Of course, housing market worries can manifest themselves in multiple ways beyond just house price uncertainty. For example, among younger HNWIs the number-one concern (cited by 40 percent) is tax changes, which impact property transaction costs (such as via stamp duty). Indeed, it is notable that the decline in higher-end property prices after 2014 followed an increase in stamp duty on homes valued at above £1.5MM from 5–7 percent to 12 percent (and, after April 2016, to 15 percent for second homes).

“The tax landscape has undoubtedly become more adverse for HNWIs buying UK property in recent years,” says Tom Bill, partner and head of London residential research at global real estate consultancy Knight Frank. “Stamp duty hikes led to a stand-off between buyers and sellers as the market repriced. While increased political uncertainty in recent years prolonged this repricing process, reductions have now more than compensated for higher transaction costs. However, some buyers and sellers are still hesitating until greater clarity returns.”

FIGURE 2: Taxing concerns
Which of the following external factors most concern you about your ability to create, preserve or manage your wealth? (Younger British investors, percent choosing each option)

Alternatives and foreign property offer diversification opportunities

However, traditional dreams of property ownership are not dead; rather, they have shifted, possibly due to an appetite for diversification. Rather than focusing on owning their own homes in the UK, the younger generations are concentrating on real estate in other countries.
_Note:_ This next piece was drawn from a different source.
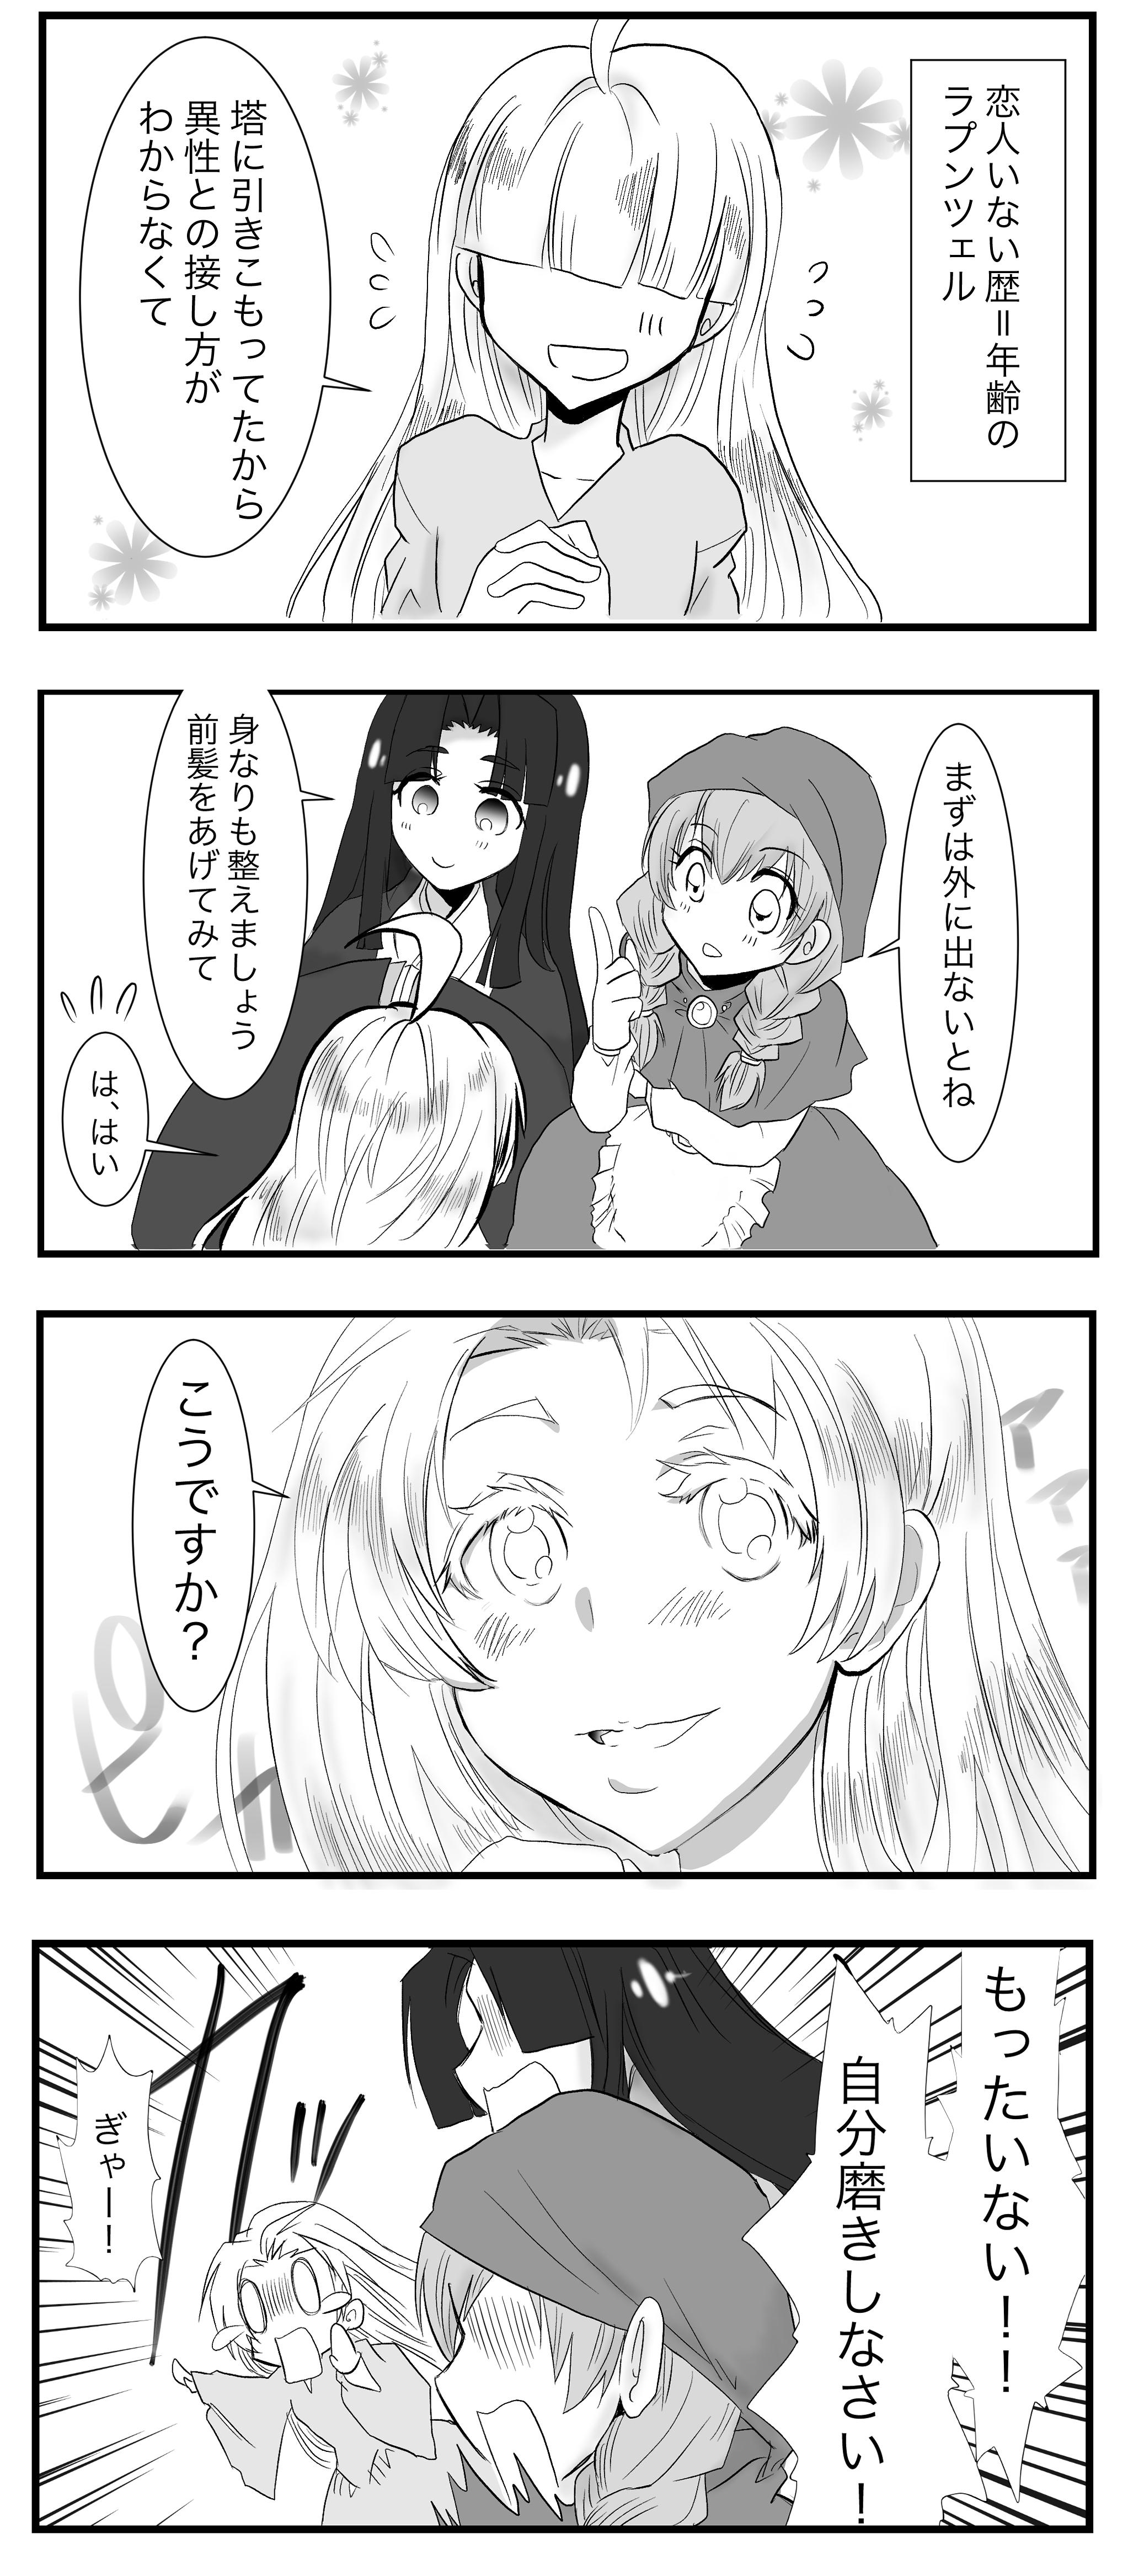 【婚活漫画】恋愛経験がないラプンツェル①_プロローグ

Some 21 percent of younger UK HNWIs are investing in residential real estate and 15 percent in commercial property abroad, compared with 15 percent and four percent, respectively, among their older counterparts.

“A key item to help offset the fear of the unknown is diversification,” says Khattak. “Some options to consider when diversifying within an asset class such as real estate are simply investing into properties spread over different geographies, countries, types such as commercial, industrial, residential, and return types like capital-growth focused versus rental-yield focused.”

This enthusiasm for diversification has also attracted investment in alternatives beyond real estate. “The reasons for this are multifarious, including better-performing alternative assets when compared to U.S. and Canadian counterparts over the past few years, more access to alternatives, and factors like Brexit uncertainty and the economy slowing down, leading to more and more people looking at alternatives to diversify and/or to enhance returns,” says Khattak.

When asked which asset classes most align with their preferences, UK respondents are unusually keen on alternative investments (not including real estate), with 11 percent in the UK choosing this class (compared with six percent in the U.S.). Younger UK HNWIs and the most wealthy (over US$5MM [£4.11MM]) are especially keen (both at 14 percent).

However, with the weaker pound affecting spending power abroad, the UK real estate and alternatives market appears to be at a crossroads. Despite their lack of enthusiasm for domestic, high-end real estate, a fifth of younger HNWIs investors (and 27 percent of younger investors more generally) see real estate as a sector with the greatest investment potential over the next five years. The British passion for high-end real estate investing, which has of late been mostly evident abroad, may soon be coming home.

References
  1. https://www.ons.gov.uk/economy/nationalaccounts/uksectoraccounts/bulletins/nationalbalancesheet/2018
  2. The EIU survey included 411 respondents from the UK. In addition to spanning regions, gender and generations, the survey included HNWIs (those with at least US$1MM [£0.77MM] in investable assets), adult children of HNWIs, and those who are not HNWIs yet but who have a minimum income of US$100,000 [£77,000].
  3. Younger HNWIs are defined as people born between 1965 and 1997 (Generation Z, Millennials, or Generation X). Older HNWIs are defined as people born in 1964 or earlier (Baby Boomer or Silent Generation).
  4. UK, U.S., Canada, Singapore, Taiwan, Hong Kong (SAR) and mainland China.